There are ominous signs that the Earth’s weather patterns have begun to change dramatically and that these changes may portend a drastic decline in food production – with serious political implications for just about every nation on Earth. The drop in food output could begin quite soon, perhaps only 10 years from now. The regions destined to feel its impact are the great wheat-producing lands of Canada and the U.S.S.R. in the North, along with a number of marginally self-sufficient tropical areas – parts of India, Pakistan, Bangladesh, Indochina and Indonesia – where the growing season is dependent upon the rains brought by the monsoon.

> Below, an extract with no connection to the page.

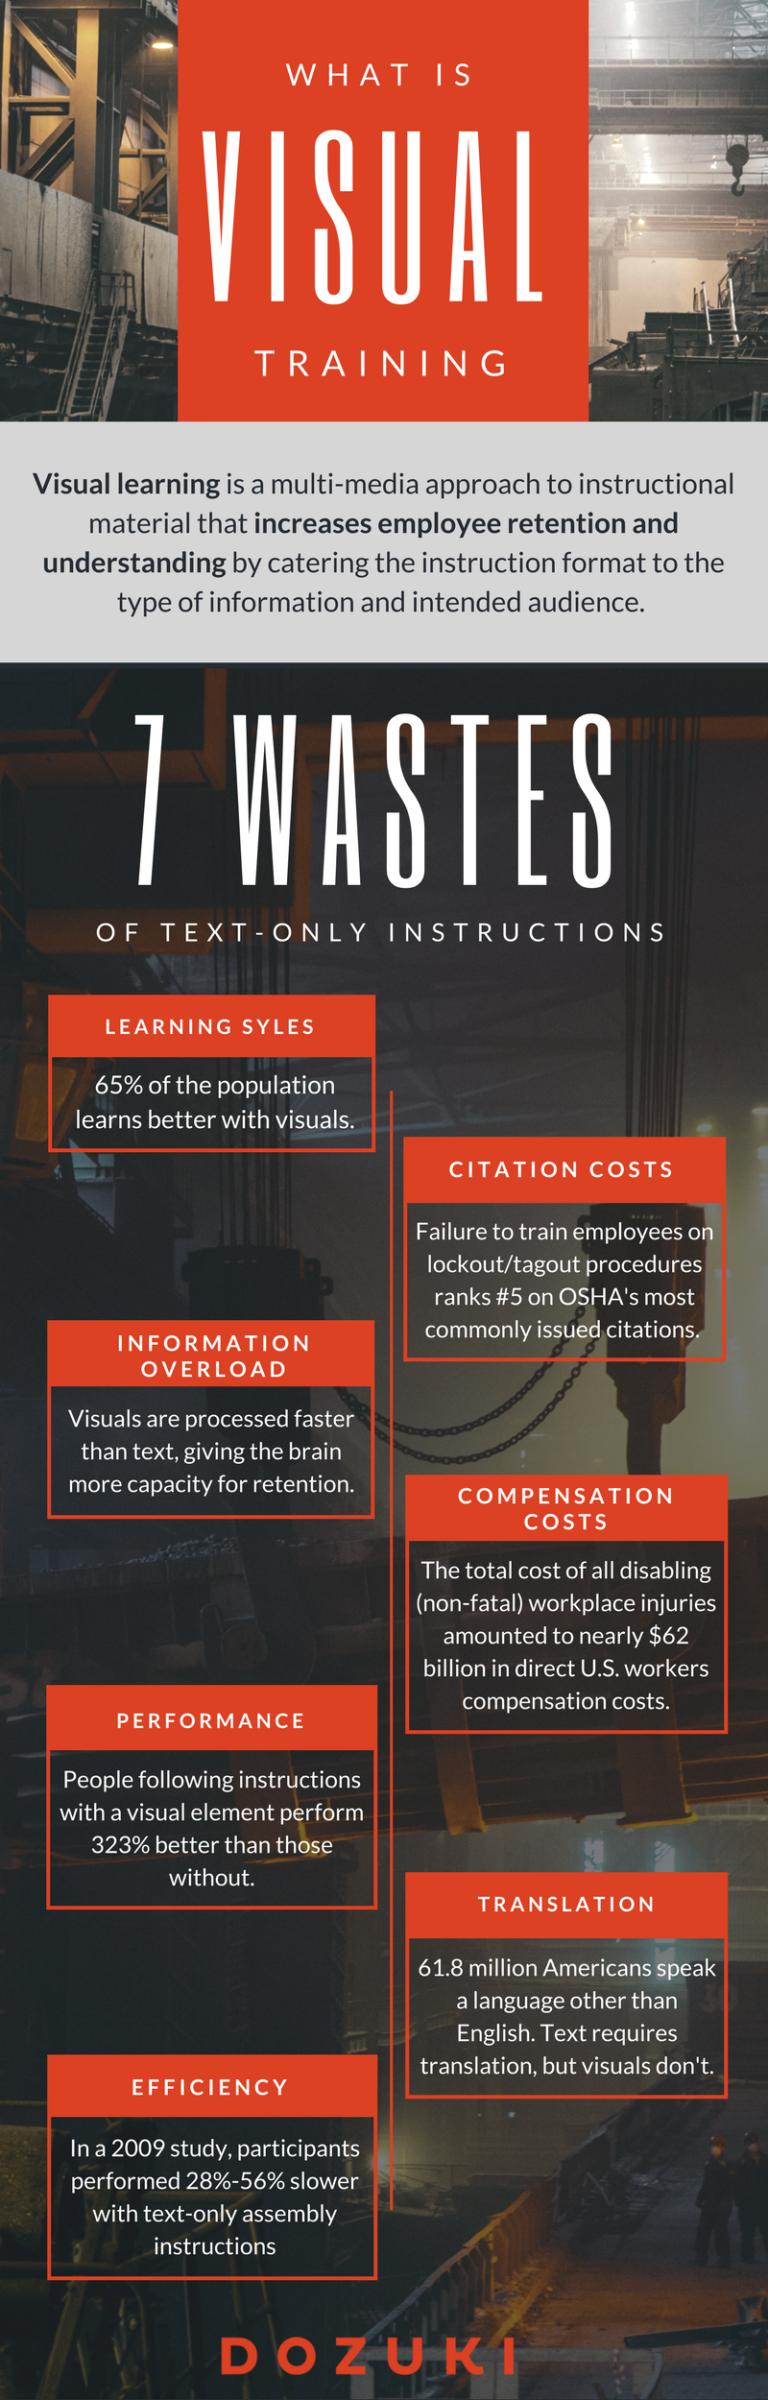 Visual training infographic

The evidence in support of these predictions has now begun to accumulate so massively that meteorologists are hard-pressed to keep up with it. In England, farmers have seen their growing season decline by about two weeks since 1950, with a resultant overall loss in grain production estimated at up to 100,000 tons annually. During the same time, the average temperature around the equator has risen by a fraction of a degree – a fraction that in some areas can mean drought and desolation. Last April, in the most devastating outbreak of tornadoes ever recorded, 148 twisters killed more than 300 people and caused half a billion dollars’ worth of damage in 13 U.S. states.

 

To scientists, these seemingly disparate incidents represent the advance signs of fundamental changes in the world’s weather. The central fact is that after three quarters of a century of extraordinarily mild conditions, the earth’s climate seems to be cooling down. Meteorologists disagree about the cause and extent of the cooling trend, as well as over its specific impact on local weather conditions. But they are almost unanimous in the view that the trend will reduce agricultural productivity for the rest of the century. If the climatic change is as profound as some of the pessimists fear, the resulting famines could be catastrophic. “A major climatic change would force economic and social adjustments on a worldwide scale,” warns a recent report by the National Academy of Sciences, “because the global patterns of food production and population that have evolved are implicitly dependent on the climate of the present century.”